Spark Operator aims to make specifying and running Spark applications as easy and idiomatic as running other workloads on Kubernetes. It uses a CustomResourceDefinition (CRD) of SparkApplication objects for specifying, running, and surfacing status of Spark applications. For a complete reference of the API definition of the SparkApplication CRD, please refer to API Definition. For details on its design, please refer to the design doc. It requires Spark 2.3 and above that supports Kubernetes as a native scheduler backend. Below are some example things that the Spark Operator is able to automate (some are to be implemented):

  • Submitting applications on behalf of users so they don't need to deal with the submission process and the spark-submit command.
  • Mounting user-specified ConfigMaps and volumes into the driver and executor Pods.
  • Mounting ConfigMaps carrying Spark or Hadoop configuration files that are to be put into a directory referred to by the environment variable SPARK_CONF_DIR or HADOOP_CONF_DIR into the driver and executor Pods. Example use cases include shipping a log4j.properties file for configuring logging and a core-site.xml file for configuring Hadoop and/or HDFS access.
  • Creating a NodePort service for the Spark UI running on the driver so the UI can be accessed from outside the Kubernetes cluster, without needing to use API server proxy or port forwarding.
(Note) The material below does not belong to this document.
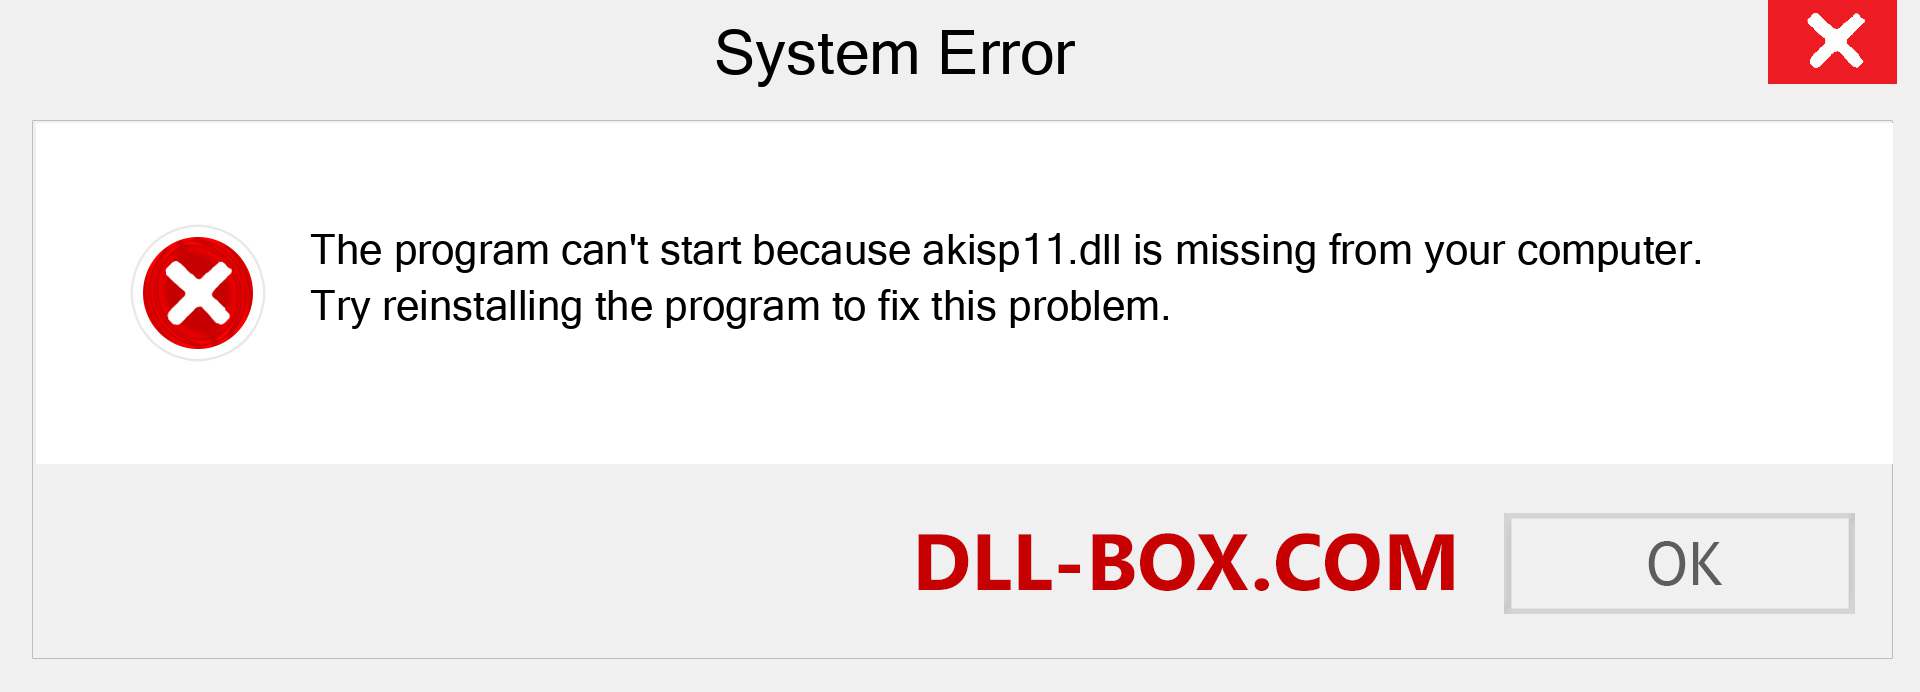  akisp11.dll file is missing?. Download for Windows 7, 8, 10 - Fix  akisp11 dll Missing Error on Windows, photos, images

To make such automation possible, Spark Operator uses the SparkApplication CRD and a corresponding CRD controller as well as an initializer. The CRD controller setups the environment for an application and submits the application to run on behalf of the user, whereas the initializer handles customization of the Spark Pods. It also supports running Spark applications on standard cron schedules using the ScheduledSparkApplication CRD and the corresponding CRD controller.

Features

Spark Operator currently supports the following list of features:

  • Supports Spark 2.3 and up.
  • Enables declarative application specification and management of applications by manipulating SparkApplication resources.
  • Automatically runs spark-submit on behalf of users for each SparkApplication eligible for submission.
  • Provides native cron support for running scheduled applications.
  • Supports automatic application re-submission for updated SparkAppliation objects with updated specification.
  • Supports automatic application restart with a configurable restart policy.
  • Supports automatic retries of failed submissions with optional linear back-off.
  • Supports mounting user-specified ConfigMaps and volumes (currently through the Initializer).
  • Supports mounting local Hadoop configuration as a Kubernetes ConfigMap automatically via sparkctl.
  • Supports automatically staging local application dependencies to Google Cloud Storage (GCS) via sparkctl.

Motivations

This approach is completely different than the one that has the submission client creates a CRD object. Having externally created and managed CRD objects offer the following benefits:

  • Things like creating namespaces and setting up RBAC roles and resource quotas represent a separate concern and are better done before applications get submitted.
  • With the external CRD controller submitting applications on behalf of users, they don't need to deal with the submission process and the spark-submit command. Instead, the focus is shifted from thinking about commands to thinking about declarative YAML files describing Spark applications that can be easily version controlled.
  • Externally created CRD objects make it easier to integrate Spark application submission and monitoring with users' existing pipelines and tooling on Kubernetes.
  • Internally created CRD objects are good for capturing and communicating application/executor status to the users, but not for driver/executor pod configuration/customization as very likely it needs external input. Such external input most likely need additional command-line options to get passed in.

Additionally, keeping the CRD implementation outside the Spark repository gives us a lot of flexibility in terms of functionality to add to the CRD controller. We also have full control over code review and release process.